He would have other children to play with, at least during school hours, and a bus to ride from his home that would offer a tour of the town and a path to the homes of these other children, so he might find some who were accessible by foot. His parents would not be fond of him walking out alone, but if the other child met him part way, or the parents looked out for his arrival, it just might be negotiated. There were possibilities, definitely. Of the learning, he had no fear. His time alone had been spent with books, and he could read well enough to impress the teacher during his readiness test. School would be about others, he knew, about meeting them, befriending them, finding his likeness so he would no longer be alone in the world.

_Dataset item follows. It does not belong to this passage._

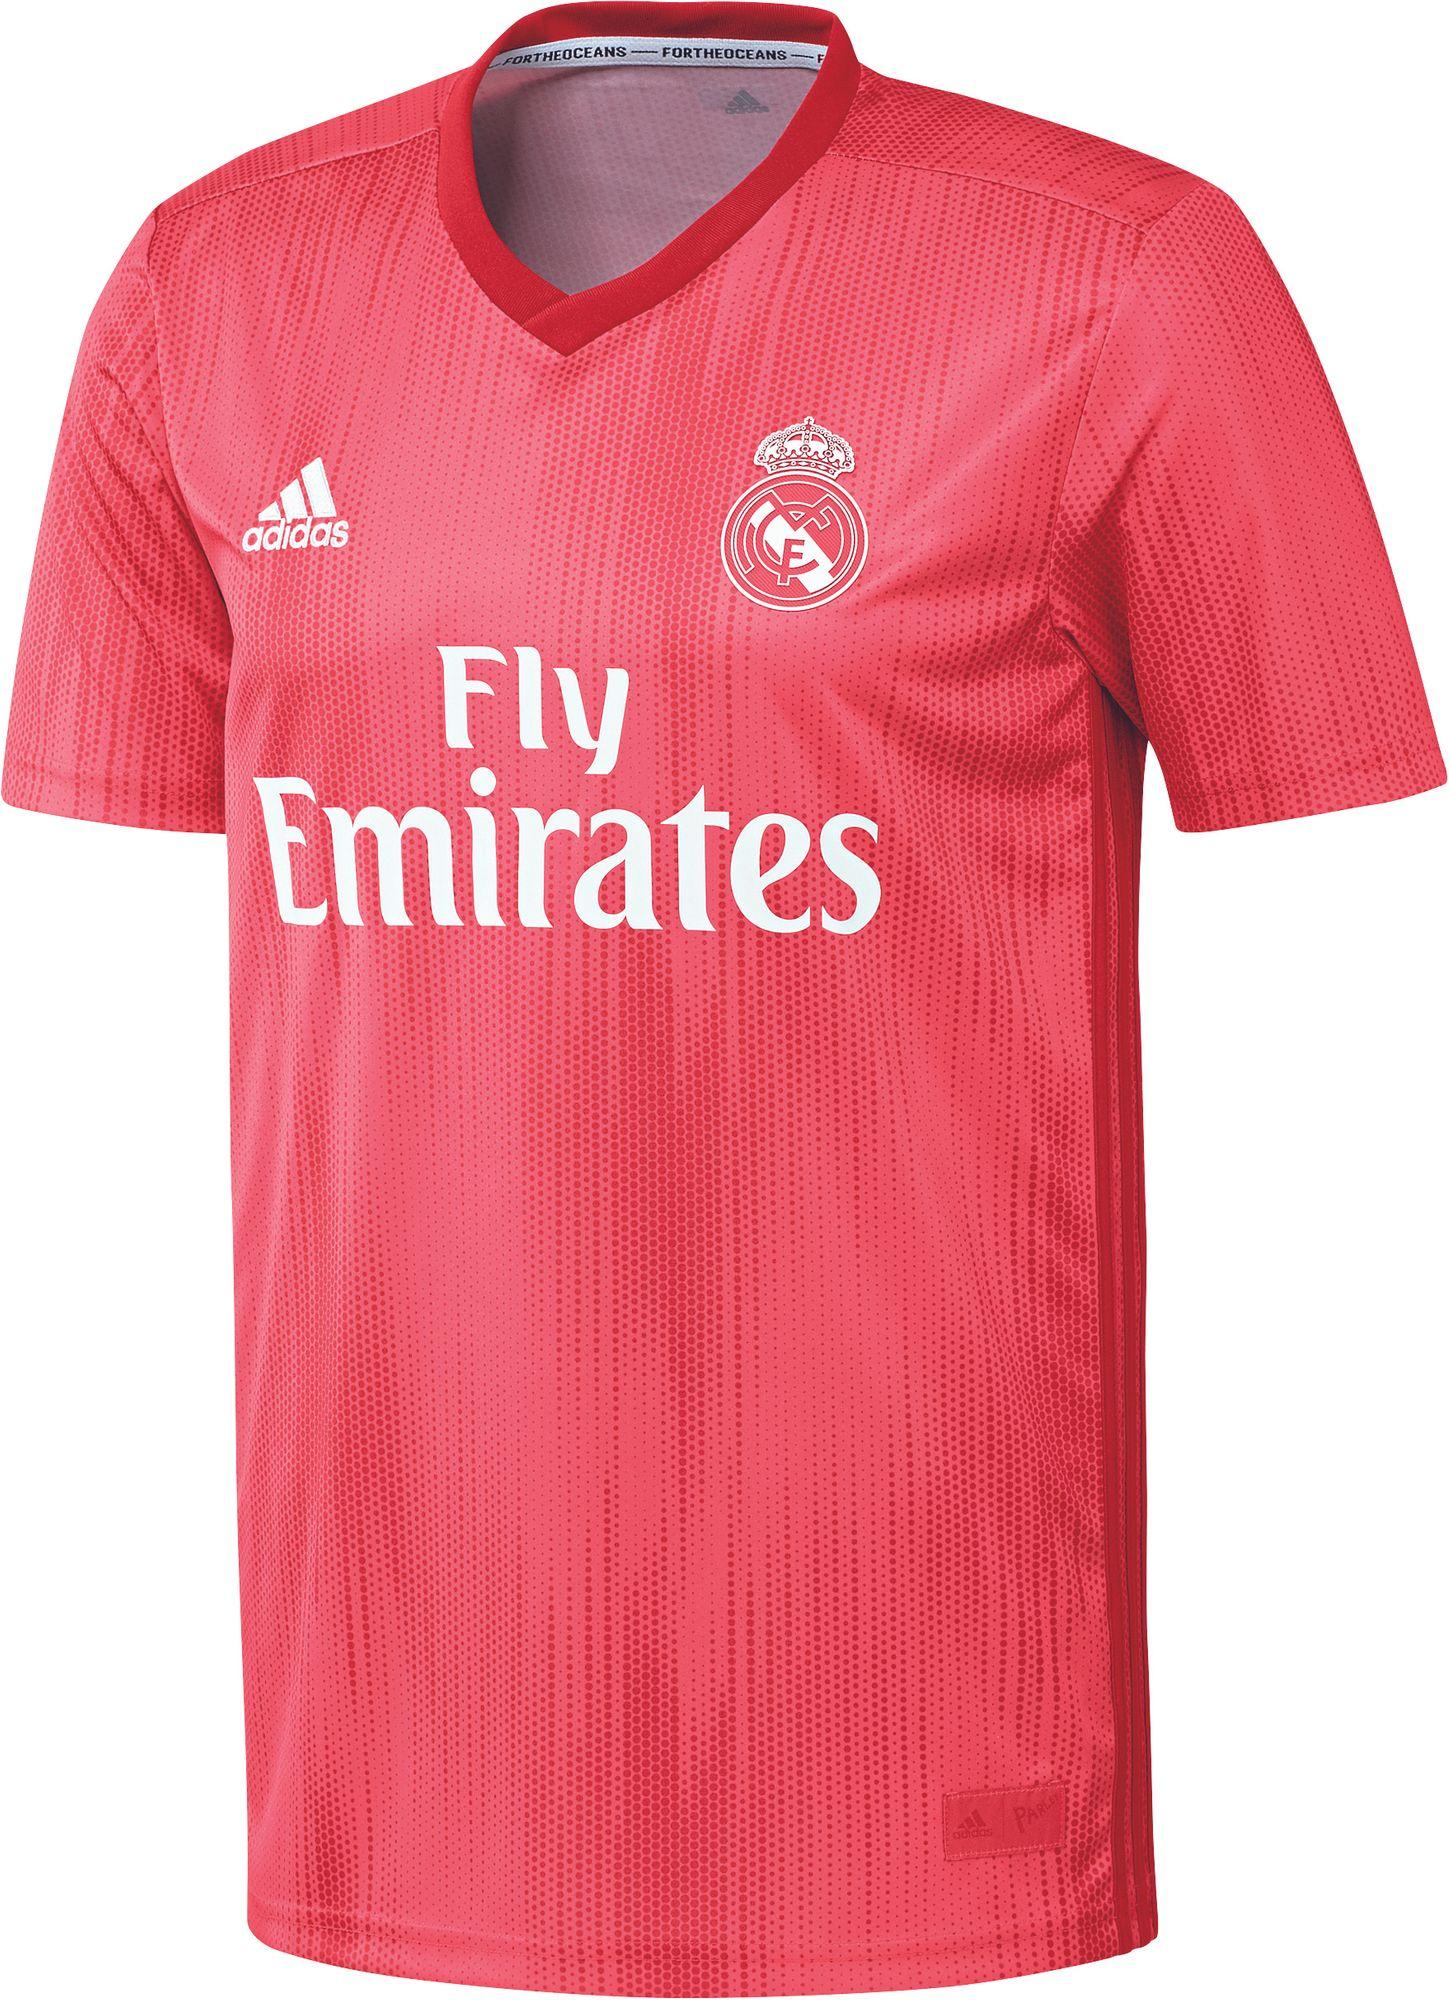 Adidas Real Madrid Trikot 3rd Kinder 2018 2019 Fantrikots

When Isaiah stepped up onto the school bus on that very first morning, he saw that one child had been picked up before him. She sat all the way in the back, her back straight, her dark head turned towards the window, facing the rising sun. Her huge sunglasses reflected the light from the same, and a star-shaped glare kicked off the lenses and nearly blinded Isaiah as he walked confidently to take the seat across from her. She paid him no mind, even as he stared at her in a way that could only be felt.
Hi,
he offered, gesturing a greeting with his open hand with the hope that it might catch her attention. Her hair was dark like his mother’s, with streaks like the color of walnut shells adding a shine to it. He could almost see behind those giant lenses but not quite, so he squinted and leaned closer.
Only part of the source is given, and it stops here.